Internationalisation and Attribution: The Tadic Analysis in the Genocide in Bosnia Case
65 Pages Posted: 24 Jul 2013
Date Written: 2009
Abstract
The rules of attribution under the International Law of State Responsibility have been undergoing substantial developments in the past few decades. The direction of these developments has contributed to an abandoning of its core objectives -- those which strive to extend accountability beyond its traditional frontiers. This trend is discussed in this work by being associated with the contemporary string of jurisprudential debates on the questions of agency and control, most topically reflected by the ICJ in Genocide in Bosnia that has declared the ICTY’s Tadic test for internationalisation of conflicts as insufficient to establish State responsibility. This assertion is hereby discussed and contextualized in light of the many facets of the law of State responsibility, and the problematic of the enforceability of international law due to its Westphalian structures.

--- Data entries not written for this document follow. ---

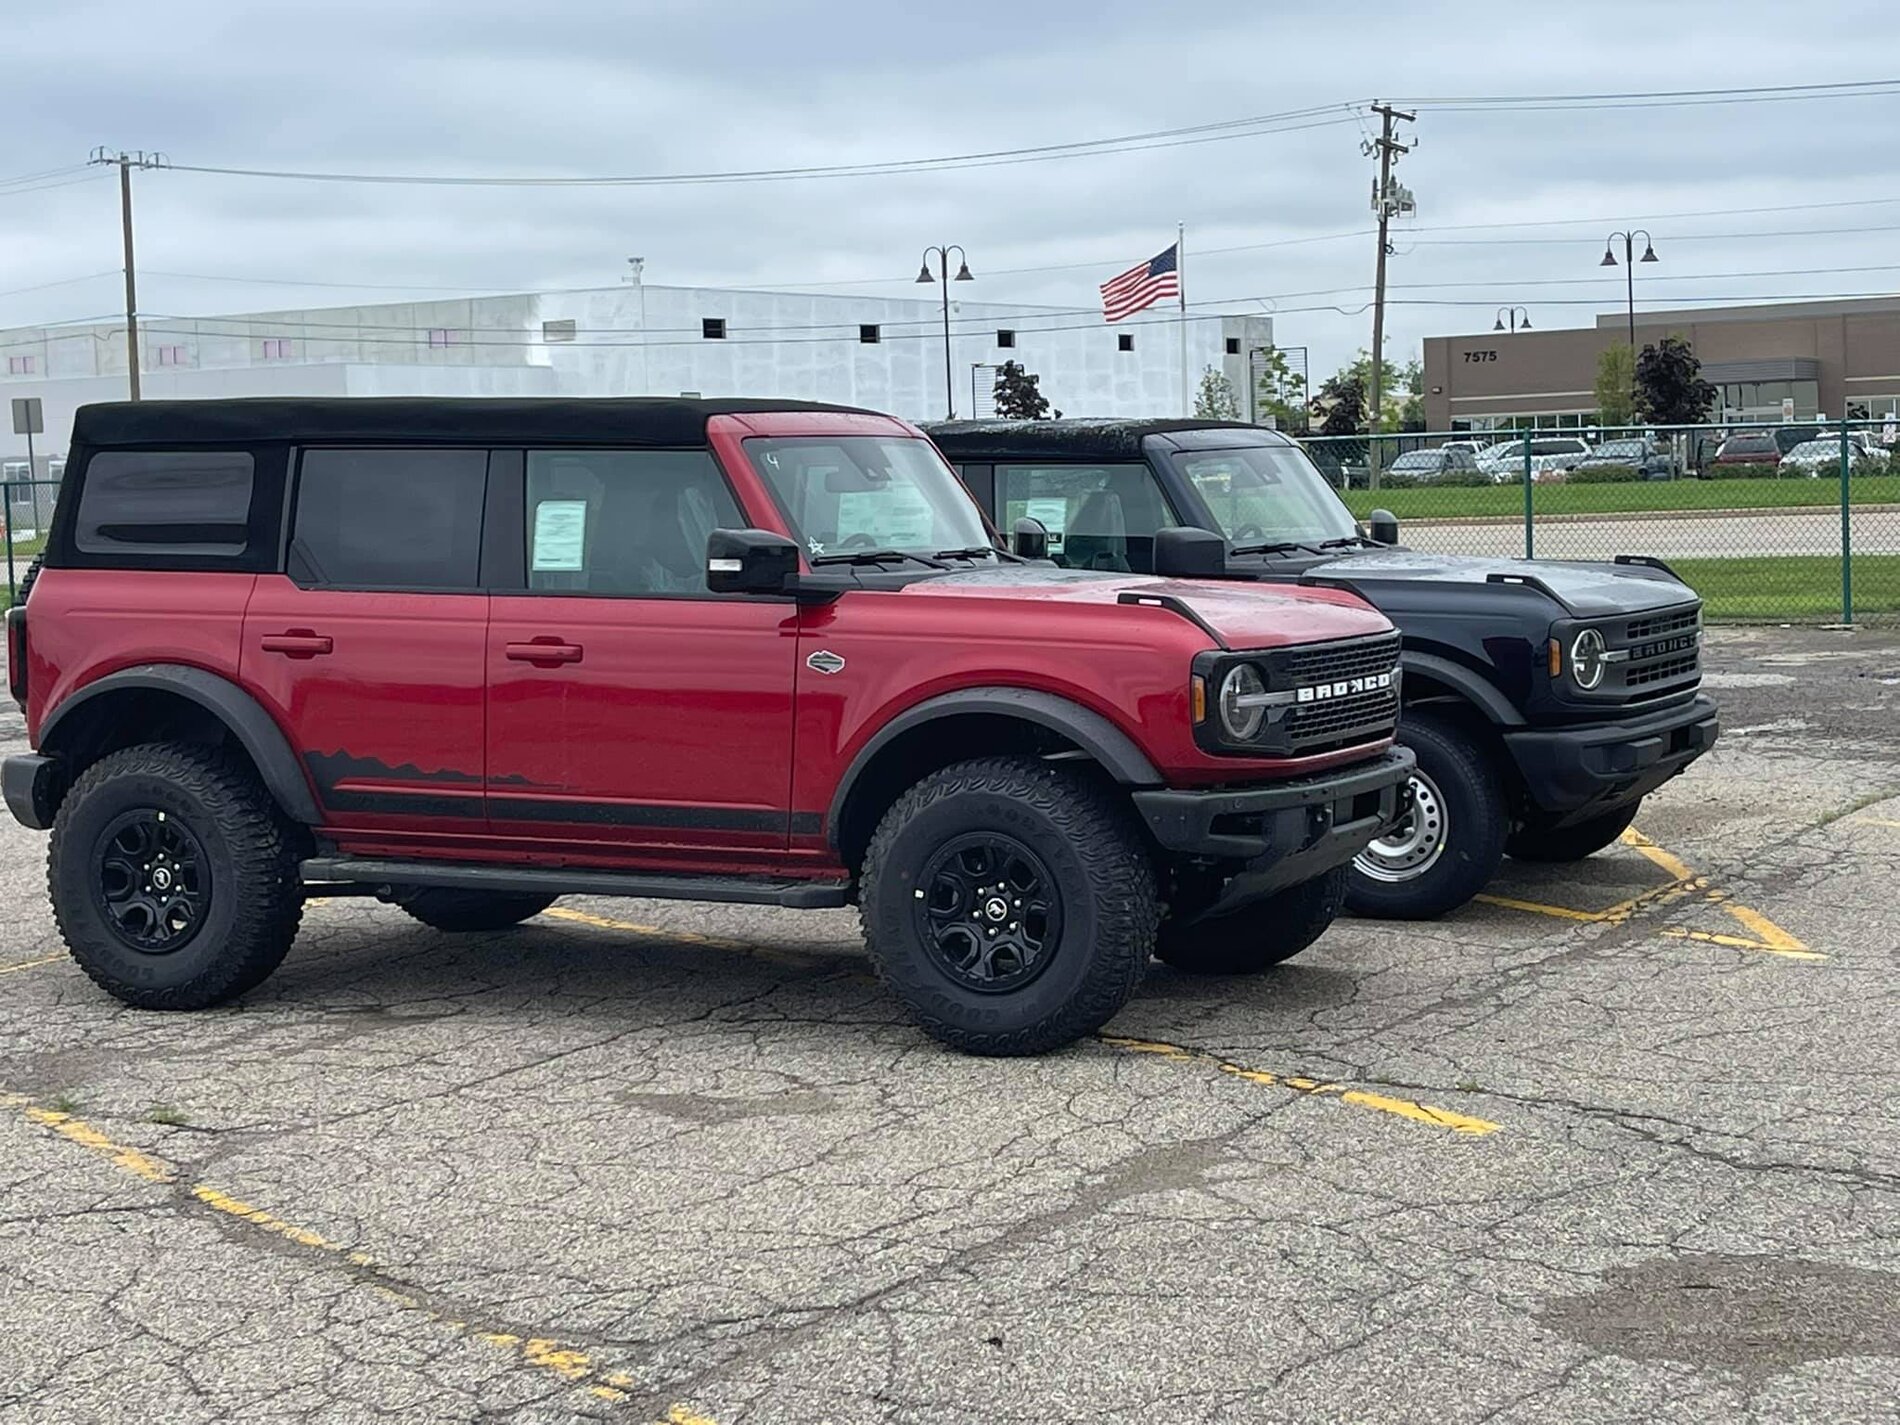 Ford Bronco Wildtrak vs Base Bronco 4-Door Side-by-Side Shows Height and Equipment Difference 2021 Bronco -- Rapid Red Wildtrak + Shadow Black Base 4-Doors 2
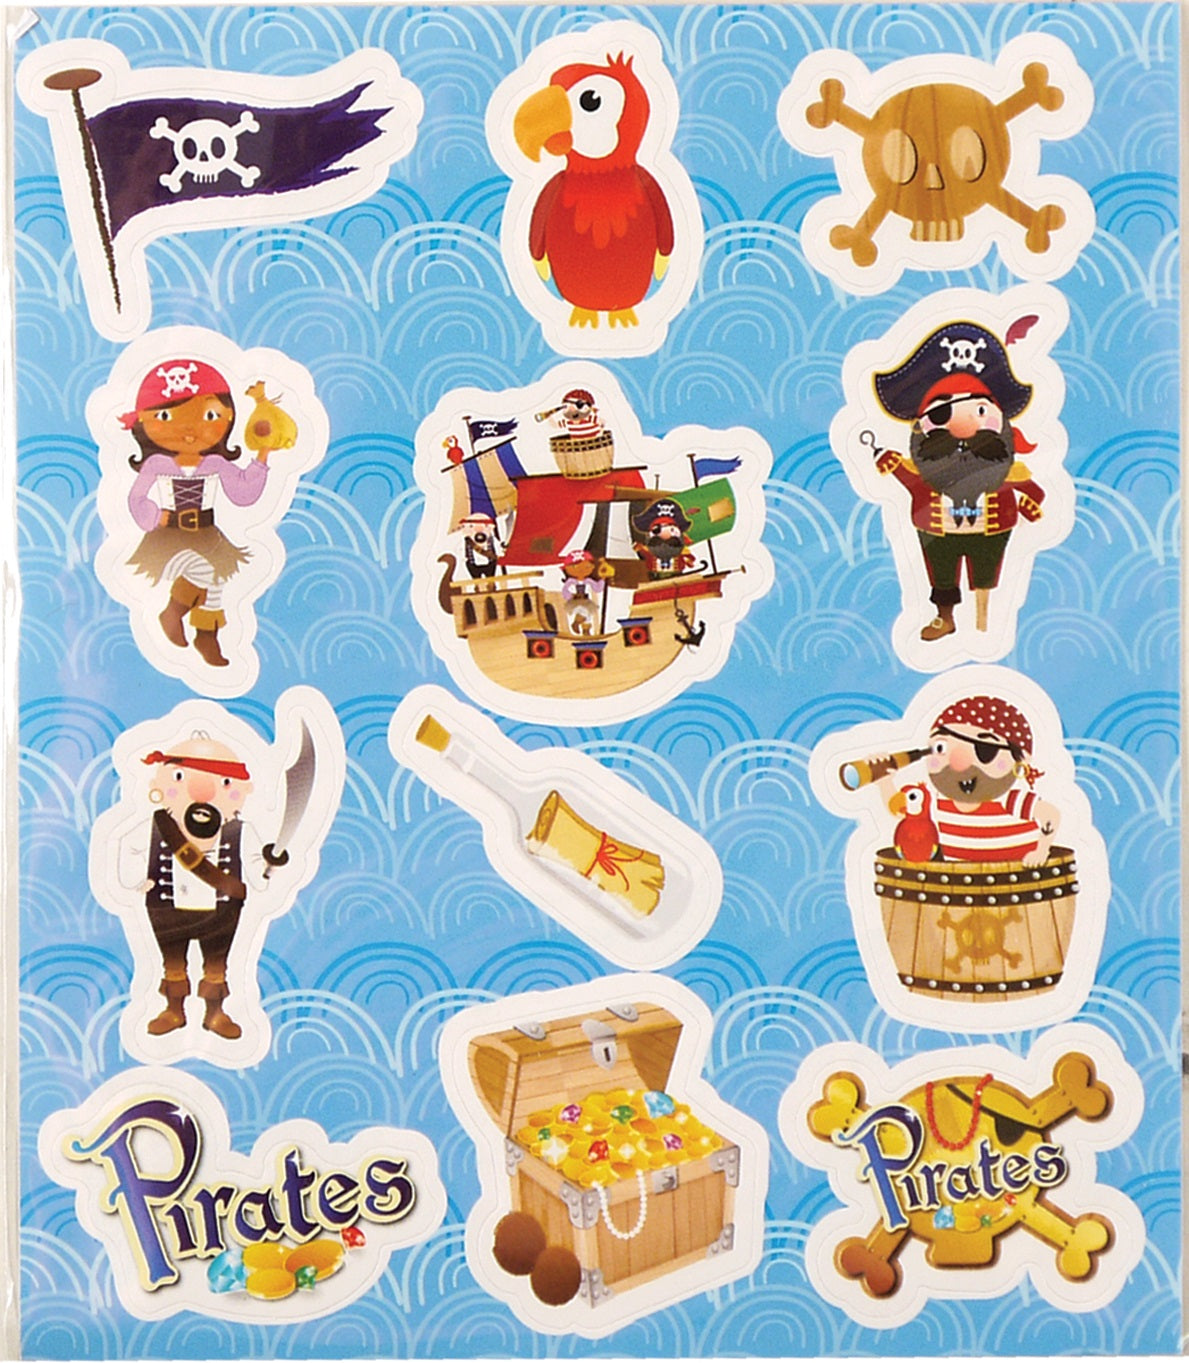 12 Pirate Stickers for Party Bags
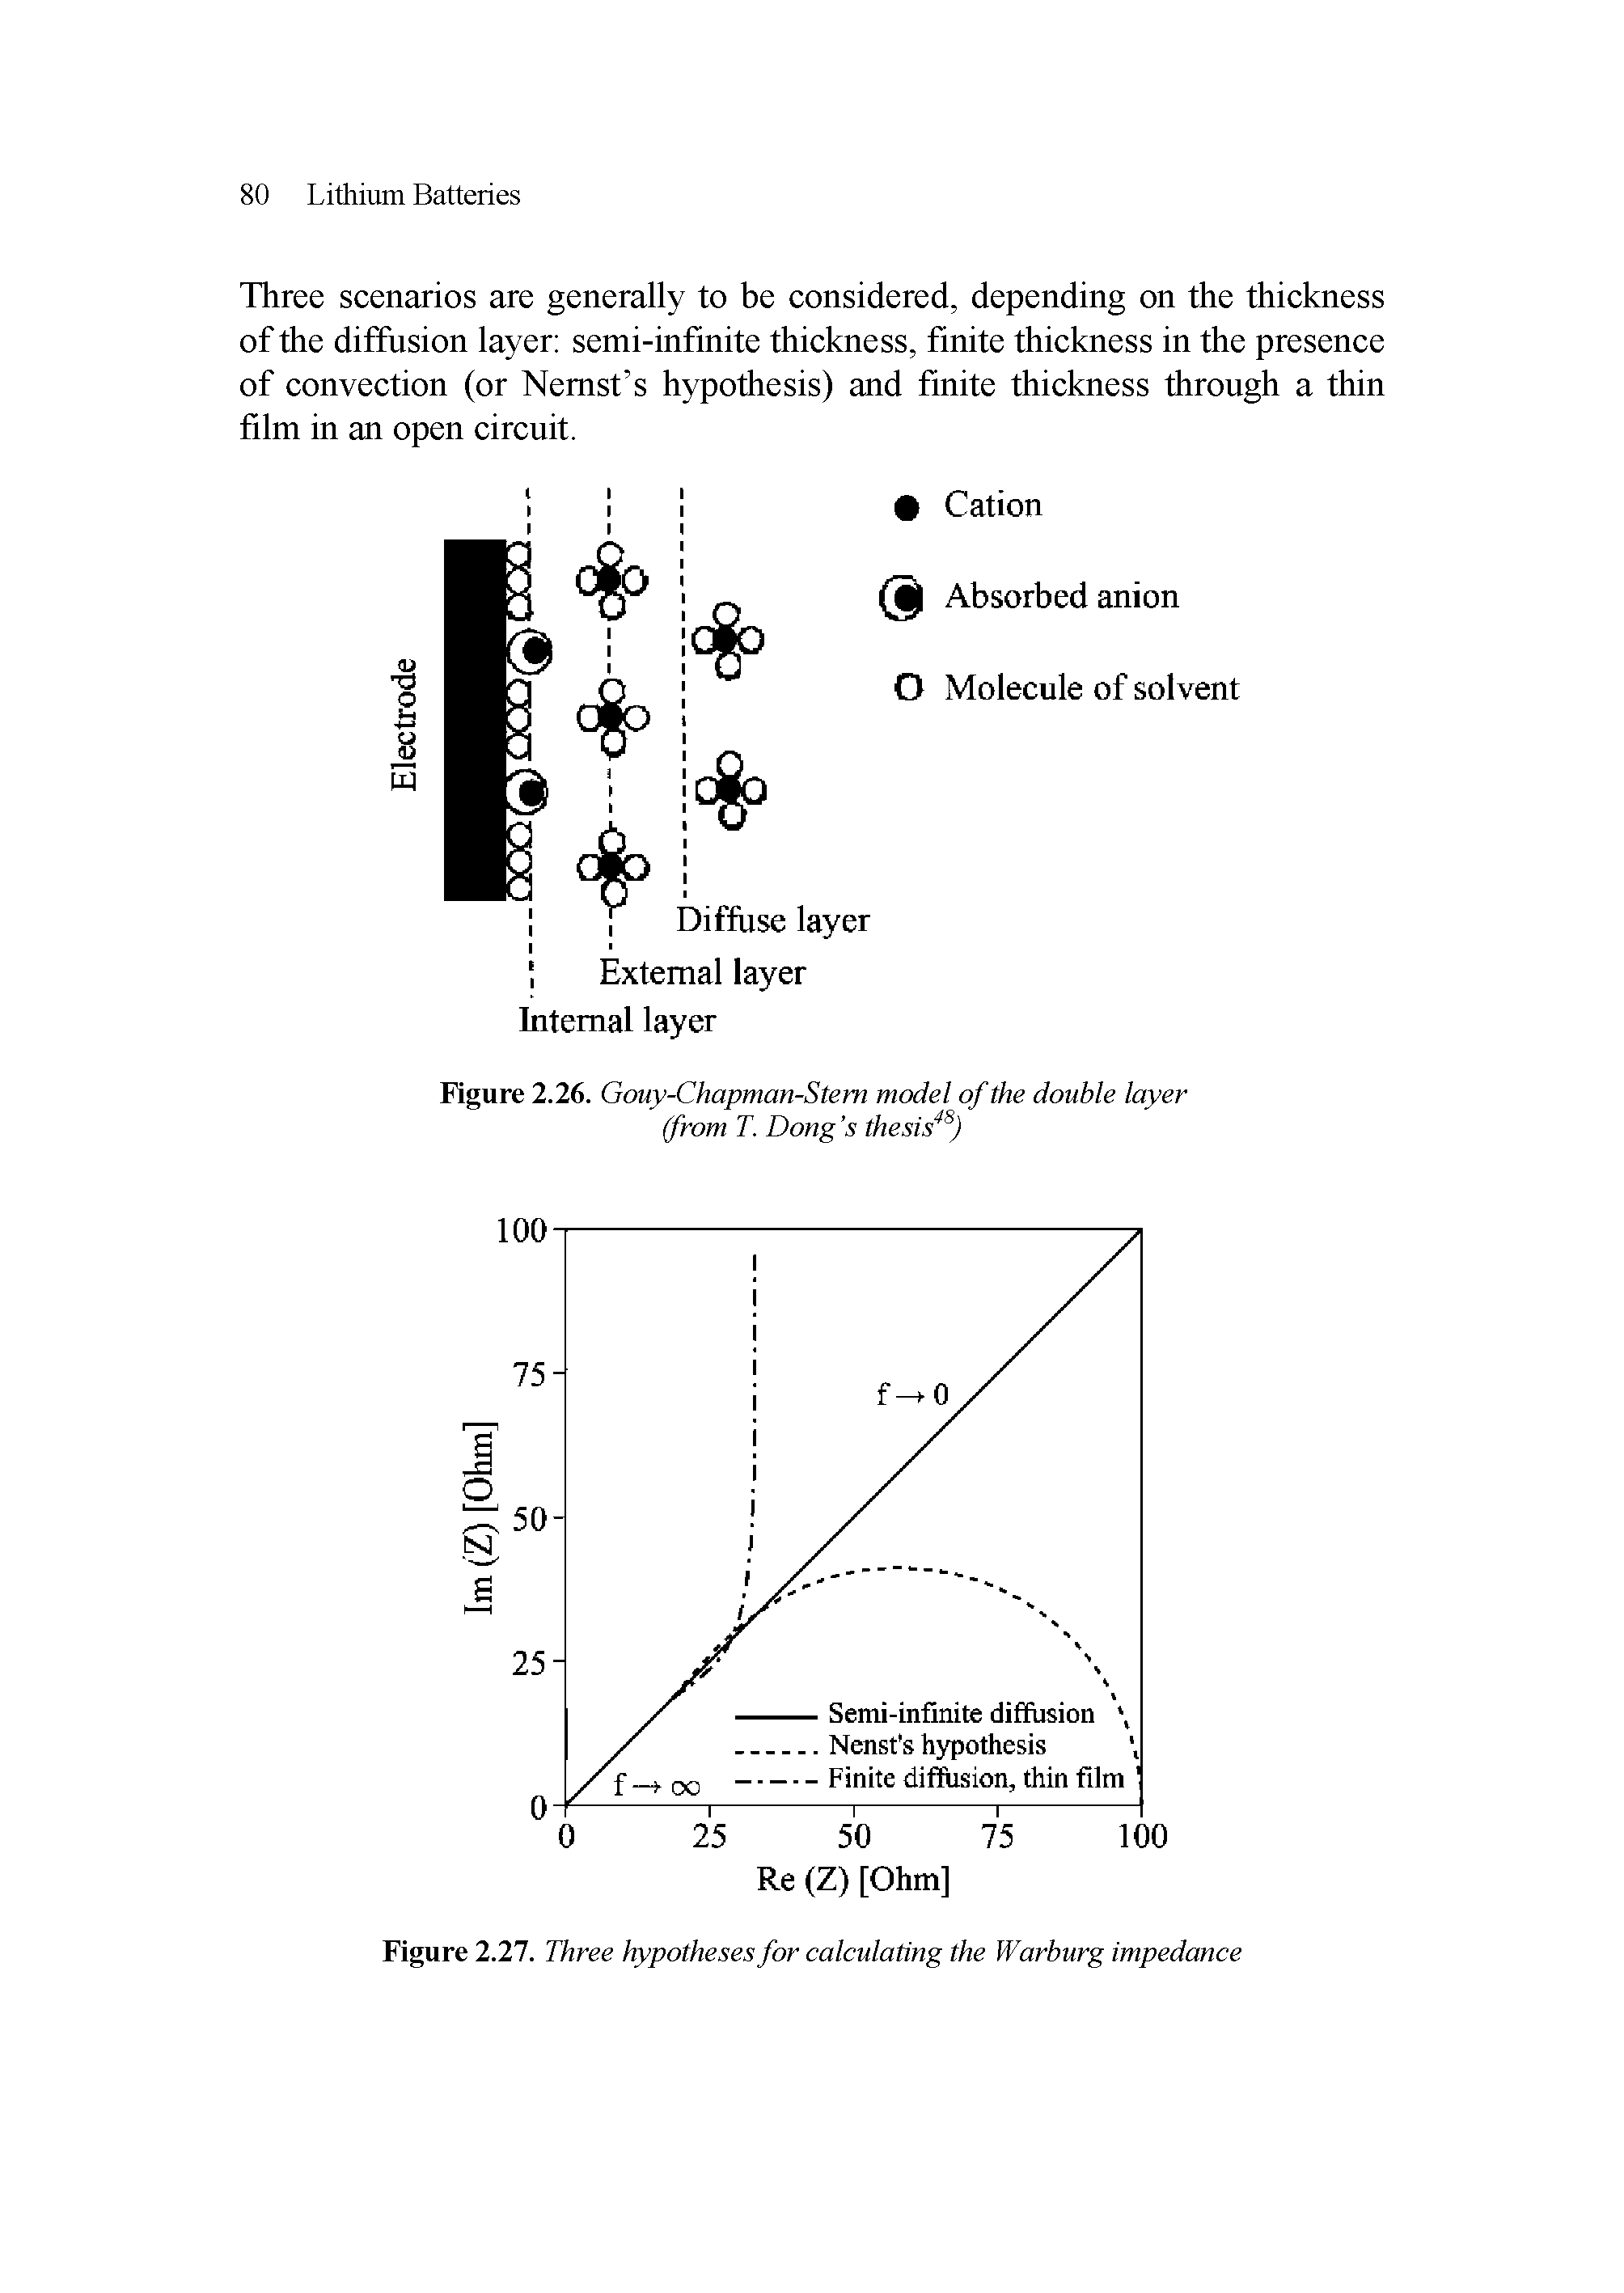 Figure 2.26. Gouy-Chapman-Stem model of the double layer from T. Dong s thesis )...

A leading question in this work is whether the present application of the rules of attribution is consistent with the objectives inbred by its foundational doctrines. It proceeds to observe whether the typology of the present applications of the rules, and the approaches espoused by international courts and tribunals are successful in addressing the growing ubiquity of extra-statal activities that challenges the utility and functionality of the present mechanisms of international humanitarian law. International legal sources and rules, primary and secondary, are fragmented and reclassified as they are applied to factual situations to which they seek to give adequate expression. It is this difference between will-based and justice-based understanding that challenges the legal legitimacy of the perceived restructuring of the law of State responsibility by the ICJ in Genocide in Bosnia. This judgment calls unremittingly for a review of the legal framework of the rules and confirms the need to harmonise its interpretative applications.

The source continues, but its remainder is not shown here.